A way of solving this PDE? (Other than method of characteristics)

Question

I've been trying to work with this coupled PDE for some time. Here, $P = P(k,t)$

$$\frac{\partial{P}}{\partial t}-\frac{\sin(k)}{t}\frac{\partial{P}}{\partial k}=\left(\cos(k)-1\right){P}$$

To solve this PDE, I looked at the ODE

$$\frac{dP}{dt}=\left(\cos(k)-1\right)P$$

We know that

$$\frac{dP}{dt}=\frac{\partial P}{\partial t} + \frac{dk}{dt}\frac{\partial P}{\partial k}$$

So we can see that whenever

$$\frac{dk}{dt}=\frac{-\sin(k)}{t}$$

the solution to the ODE gives us a solution to the PDE.
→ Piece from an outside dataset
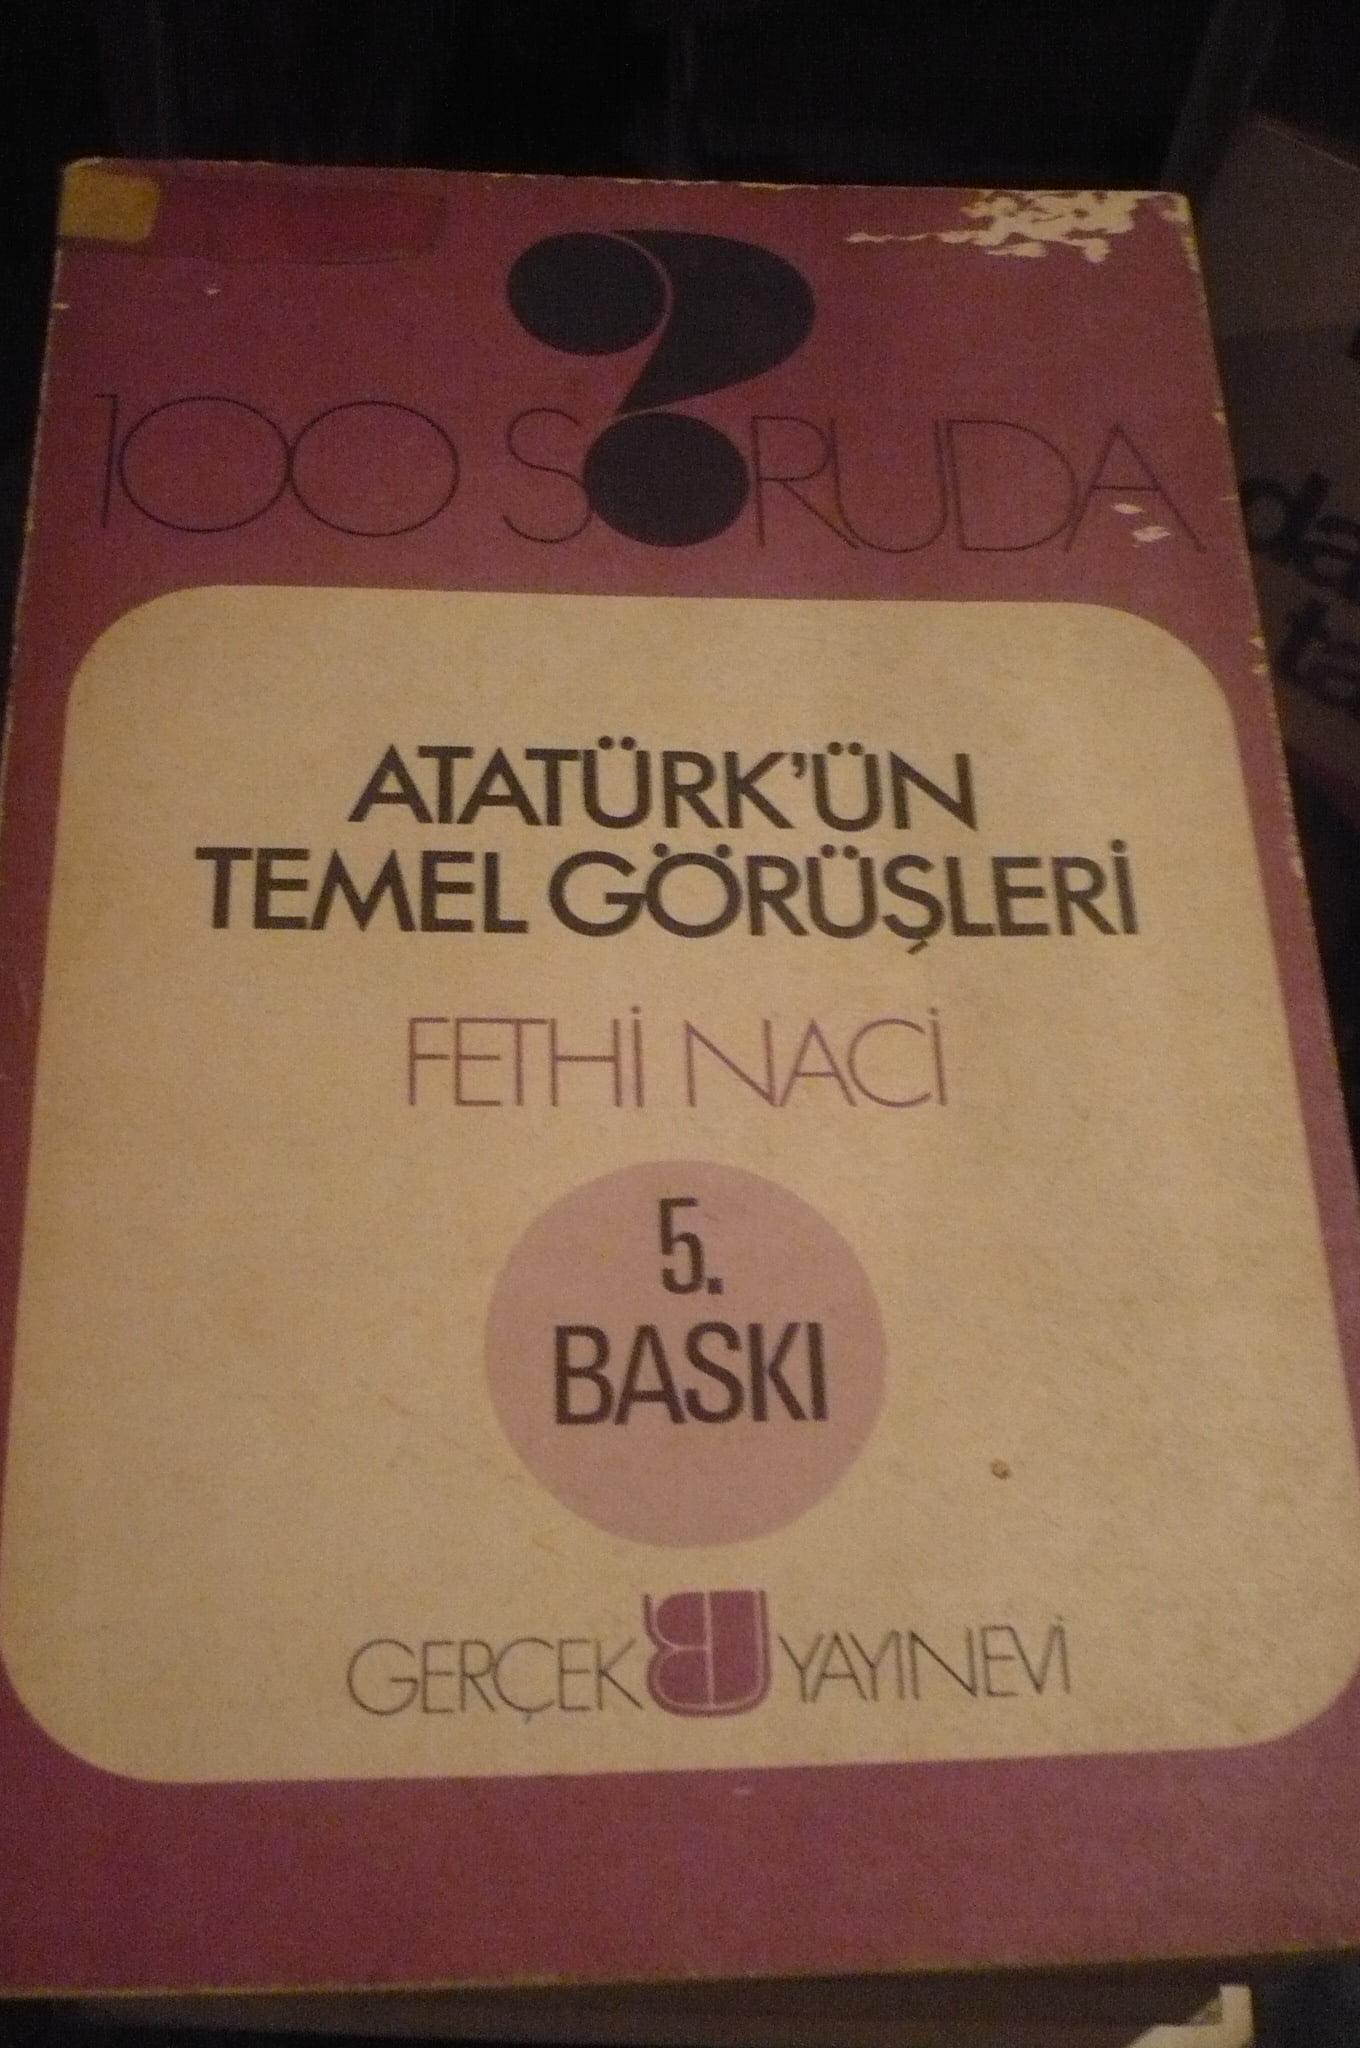 100 SORUDA ATATÜRK'ÜN TEMEL GÖRÜŞLERİ/Fethi NACİ/10 TL

But is there another way to get a more general solution than this?

Thanks for the help :)

Answer 1

I wrote some notes on the solution of Poses by characteristics: http://hyperkahler.co.uk/wp-content/uploads/2013/06/characteristics.pdf

Answer 2

$$\frac{\partial{P}}{\partial t}-\frac{\sin(k)}{t}\frac{\partial{P}}{\partial k}=\left(\cos(k)-1\right){P}$$ $$\frac{dt}{1}=-t\frac{dk}{\sin(k)}=\frac{dP}{(\cos(k)-1)P}$$ From $\frac{dt}{1}=-t\frac{dk}{\sin(k)}$ : $$t\tan(k/2)=c_1$$ From $-t\frac{dk}{\sin(k)}=\frac{dP}{(\cos(k)-1)P}=-\frac{c_1}{\tan(k/2)}\frac{dk}{\sin(k)}$

$\frac{dP}{P}=-c_1\frac{\cos(k)-1}{\tan(k/2)\sin(k)}dk=c_1dk$

$Pe^{-c_1k}=c_2$ $$Pe^{-t\tan(k/2)k}=c_2$$ The general solution of the PDE is : $$P(k,t)=e^{t\tan(k/2)k}F\Big(t\tan(k/2)\Big)$$ where $F$ in an arbitrary function (to be determined if some sufficient boundary conditions are specified).